Nearly every sector of healthcare is evolving, including community paramedicine and hospice care. As branches of healthcare take on new roles, communication may get murky.
Terms that used to mean one thing have morphed into new definitions. Mobile integrated healthcare community paramedicine (MIH-CP) is there to provide the oil that keeps the gears of community health running.
The variability of hospice care creates situations that can make paramedics, physicians, and family a little confused. In this article, we’ll discuss some of the barriers between hospice care and EMS, and then we’ll talk about how community paramedicine provides solutions.
Community paramedicine exists to create a unified system – to bridge the gaps. Instead of saying, “that’s not my department,” community paramedicine aims to provide answers when patients ask. Below we’ll outline how MIH-CP is bridging the gaps in hospice and palliative care.
The Barriers Between Hospice and EMS
When a patient is in hospice care, it can be difficult to get all parties on board. There is usually a hospice nurse who coordinates with the physicians and the family to determine treatment plans.
However, some family members often find it burdensome to wade through medical jargon and protocols. The hospice nurse will often visit, but they may only be in contact by phone. High-stress situations can make relatives overwhelmed – especially when they’re alone. Do I give them their medication? Do I call 911? Do I just wait?

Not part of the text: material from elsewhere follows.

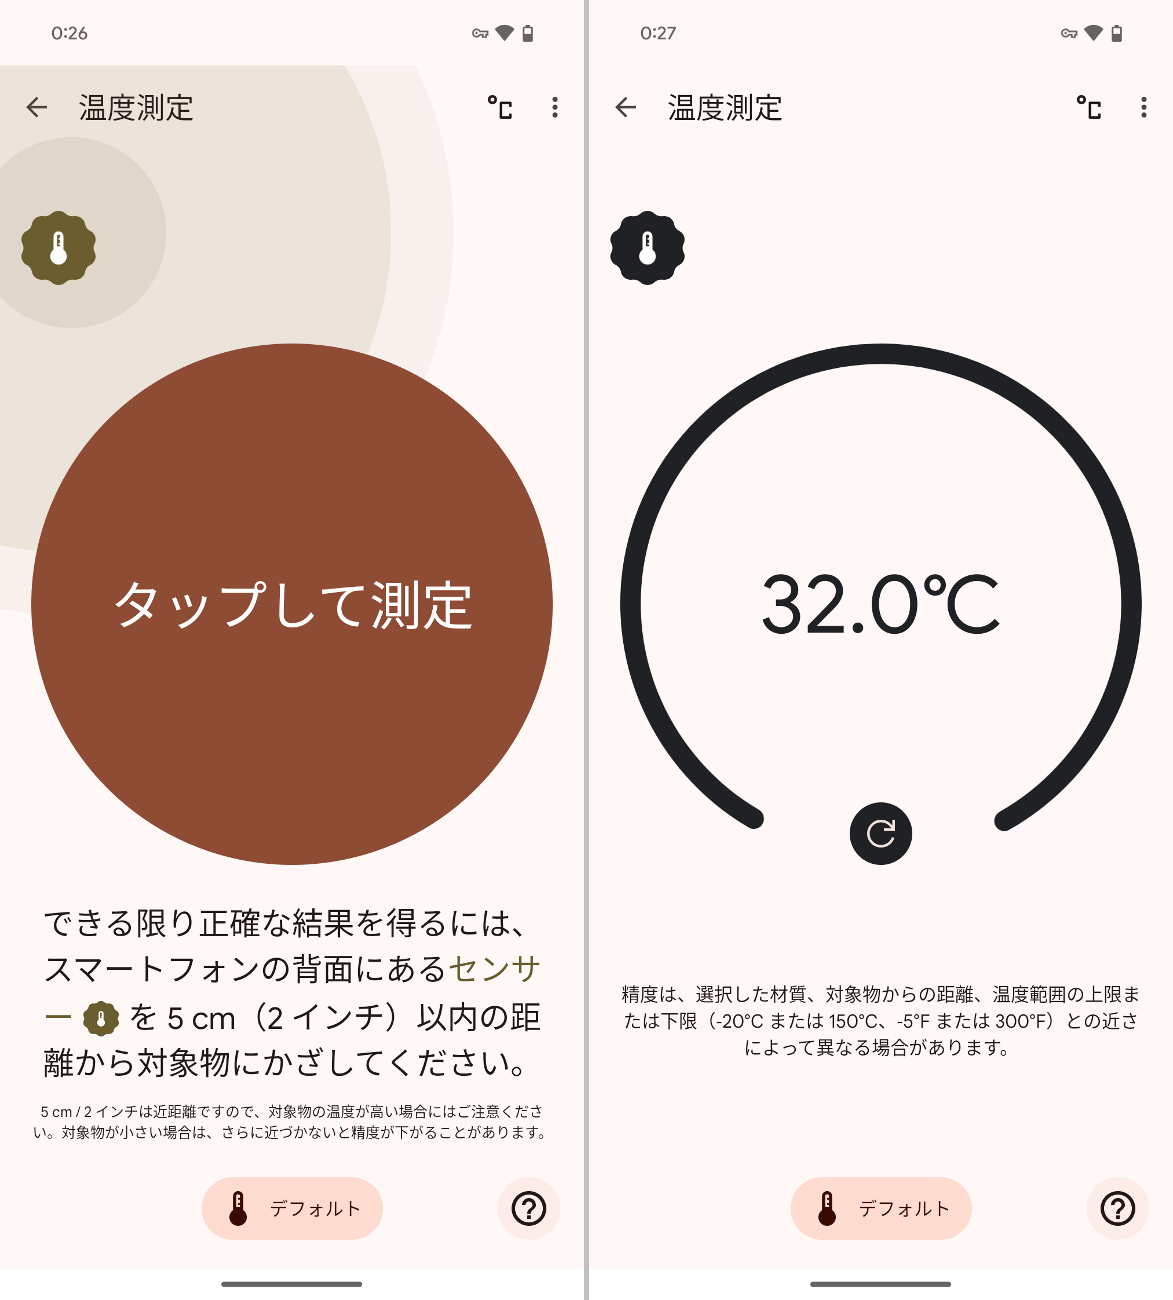 温度を測定するには対象から約5cmの距離に近づく必要があります（左）もっともこのデータをほかのアプリが利用することはできないなど、用途には制限があります（右）

Often, they will call 911. And, when the paramedics arrive, there is potential for confusion about the care plan. Thankfully, community paramedicine alleviates much confusion and helps patients get the care they require.
Here are three ways community paramedics play a part in hospice care:
- Fill in the gaps
- Increase care coordination
- Create a secure hub for communication
You’ll find more information on each of these points in the sections below.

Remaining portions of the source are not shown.